March 2006 will not go down as my favorite month on record. On March 3, 2006, after coming home from work and bringing home Chinese food for the family, I received that dreaded phone call. My wife let me know that the doctor had called with the results of my blood work and left his cell phone. I knew this could not be good news. He told me that my blood work showed that my white blood count was very high. I might have leukemia and he suggested I go to the hospital. The crazy thing about this situation was that I had very few symptoms other than some vision problems. I never felt ill. As I left to go to the hospital, I commented to my wife that I did not even have a chance to enjoy my wonton soup.
Needless to say, we were all freaking out. My parents came over to watch our children while my wife and my father went to the emergency room. I knew things were serious, but I was able to skip the whole waiting process in the ER and go right to a room. They put a mask over me to protect me from any infection. This was my first stigmatizing experience. Once I was in an ER room, the doctors ordered a lot of blood work and I eventually met with the oncology team that was on call that night.
Several ironies should be pointed out before I continue. First, the hospital where I was at also happens to be where I teach a class at Brown Medical School. This time, however, I was not the doctor interviewing the patient, but rather in this uncomfortable role of a sick person. The class I teach is to help medical students learn about bedside manners. I was very impressed by the demeanor and treatment I received by the oncology team. The other irony in this situation is that I was a little too familiar with leukemia. For my dissertation in graduate school, I worked on a pediatric oncology unit, primarily with leukemia patients. Knowing some information is good. Knowing too much is not always so good.
After my bloodwork came back, the doctors told me that indeed I had some form of leukemia and now they needed to confirm which kind, the chronic or the acute version. The course of treatment would be quite different for each so making this determination would be crucial. Their suspicions were that I had the chronic version or CML. I was told that the treatment would be substantially different. With AML or the acute version, I would be in the hospital for the next month. For CML, a new "wonder drug" called Gleevec had been introduced about 5 years ago that had changed the way CML patients recieve treatment. Prior to 2001, the primary option was a bone marrow transplant. This medication, however, has been so effective in reducing and/or eliminating symptoms that the protocols had changed. The best part was that this medication had few side effects and was taken in pill form at home.

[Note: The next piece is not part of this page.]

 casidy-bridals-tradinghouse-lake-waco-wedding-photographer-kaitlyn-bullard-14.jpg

At this point my mindet shifted and I starting praying for CML. How weird is that? Anway, after waiting for a few days to get test results back from a bone marrow biopsy ( I will save that discussion for another post), I was lucky enough to have the CML diagnosis confirmed. In fact, my doctors presented it in such a way that we were celebrating that I now had CML. I was discharged from the hospital that day. Later that week I went to the Dana-Farber Cancer Insitute for a second opinion and to find out about treatment options.

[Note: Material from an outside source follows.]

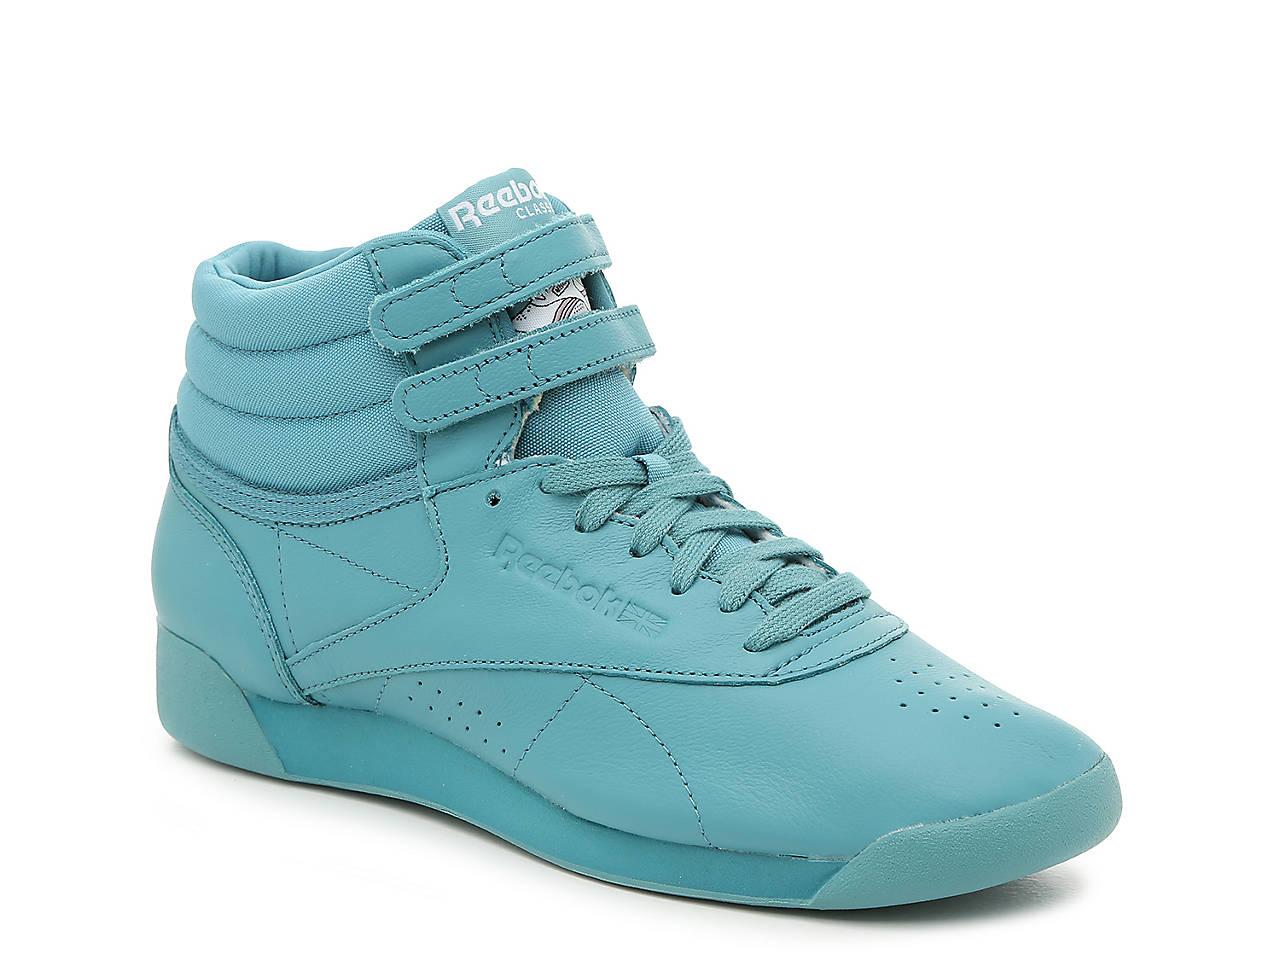 e19f5bea Freestyle Hi High-Top Sneaker - Women's

On March 3, 2006, my life changed forever. Finding out news like this can either make or break a person. While I am still in the early stages of this process and still trying to comprehend what this diagnosis means for me and my family, I am cautiously optomistic as well. In some ways it has kicked me in the ass, but in another way, it is forcing me to live life to the fullest. Without sounding too cliche, I am thankful for every moment I have. As I sat this morning feeding my daughter and staring into her eyes, I realized how lucky I was and that CML was not going to keep me from seeing my children grow up. As one of my doctors said, you should be planning on going to your grandchildren's weddings. I think that is a good outlook for now.